Cell proliferation was assessed in the three genotypes by immunostaining with the anti-phospho-histone H3 antibody at 9.0 d.p.c. From this analysis it appears that total number of mitotic cells was not changed in the Cited2 null mutants when compared with heterozygotes or wild-type littermates (n = 5; Fig. 6I and J). Altogether, this suggests firstly, that Cited2 is required for the survival of neuroectodermal cells in specific regions of the neural tube. Secondly, elevated apoptosis in the FB–MB region and hindbrain is compatible with normal neural tube closure in 20% of Cited2–/– embryos.

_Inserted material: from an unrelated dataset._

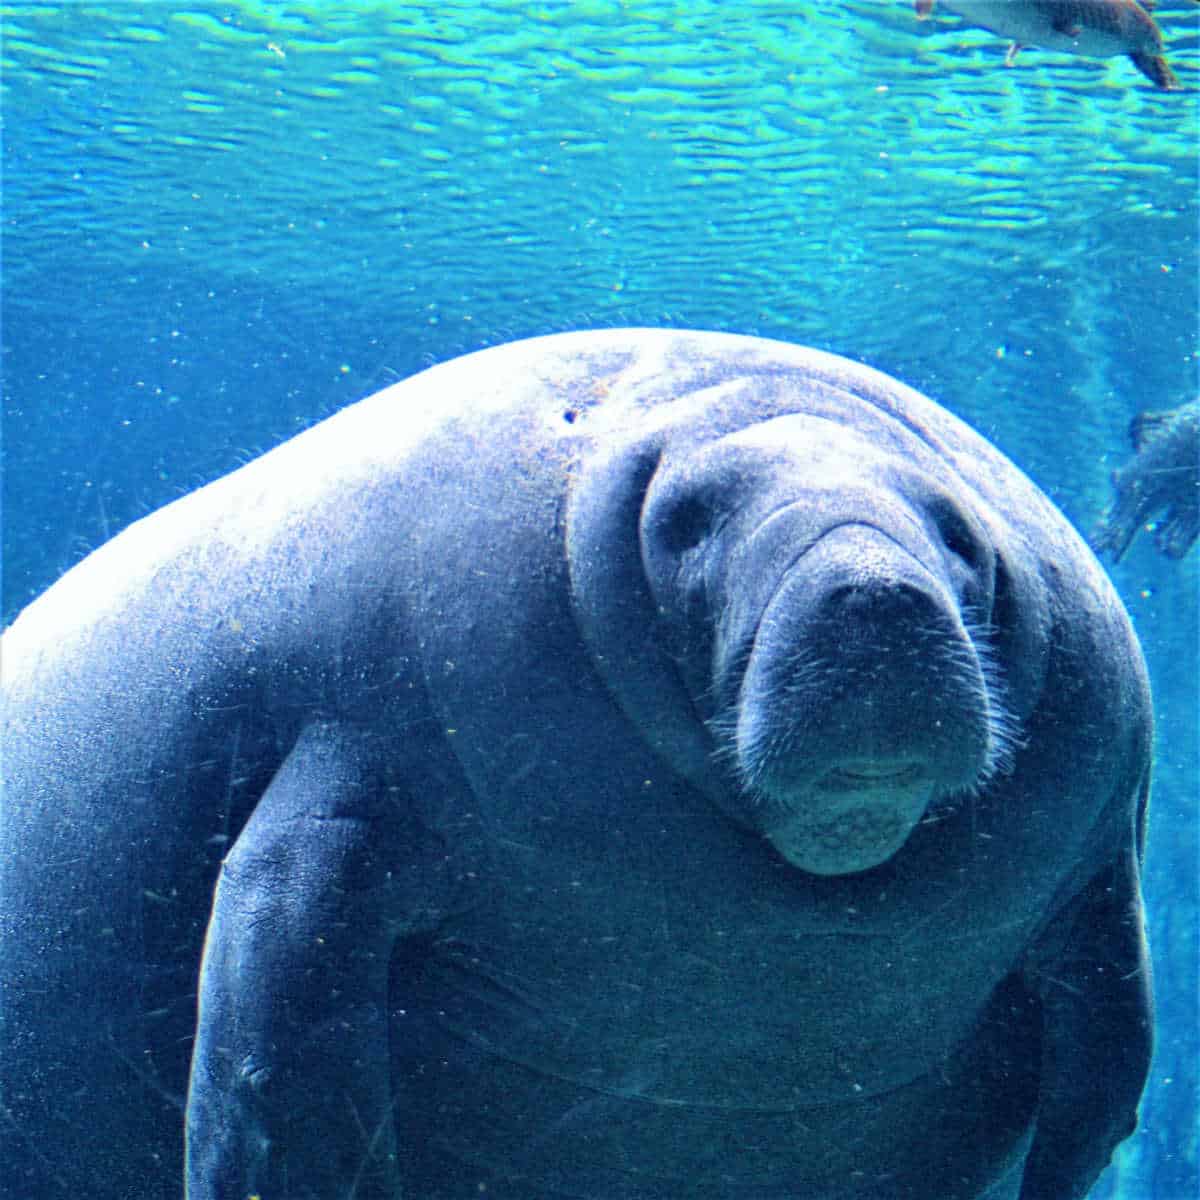 Large manatee in water

Exencephaly in Cited2–/– mutants is reduced by folic acid
Since folic acid supplementation has been shown to decrease the incidence of NTDs in human and mouse (15,24), we tested the effect of exogenous folate on Cited2–/– embryos. When Cited2+/– pregnant females were treated with folic acid daily throughout pregnancy, exencephaly was reduced from 80 to 12.5% in the Cited2–/– embryos analysed at 14.5 d.p.c. (Tables 2 and 3; Fig. 7A–C). A protective effect was also observed when embryos were cultured in the presence of folic acid for 24 h from 8.5 d.p.c., although this is not statistically significant with the sample size used (Tables 2 and 3). In the cultured embryos the apparently low incidence of exencephaly in the control group (two out of six) probably reflects our in vivo observations, in that the incidence of exencephaly is lower, 50%, at 9.5 d.p.c. compared to later stages. However, we cannot formally exclude the possibility that the in vitro conditions per se might reduce the risk of exencephaly in Cited2–/– embryos. The reduction in NTD incidence following treatment in vitro suggests that folic acid may prevent NTDs by a direct effect on the embryo rather than by correcting an adverse maternal environment (see Discussion).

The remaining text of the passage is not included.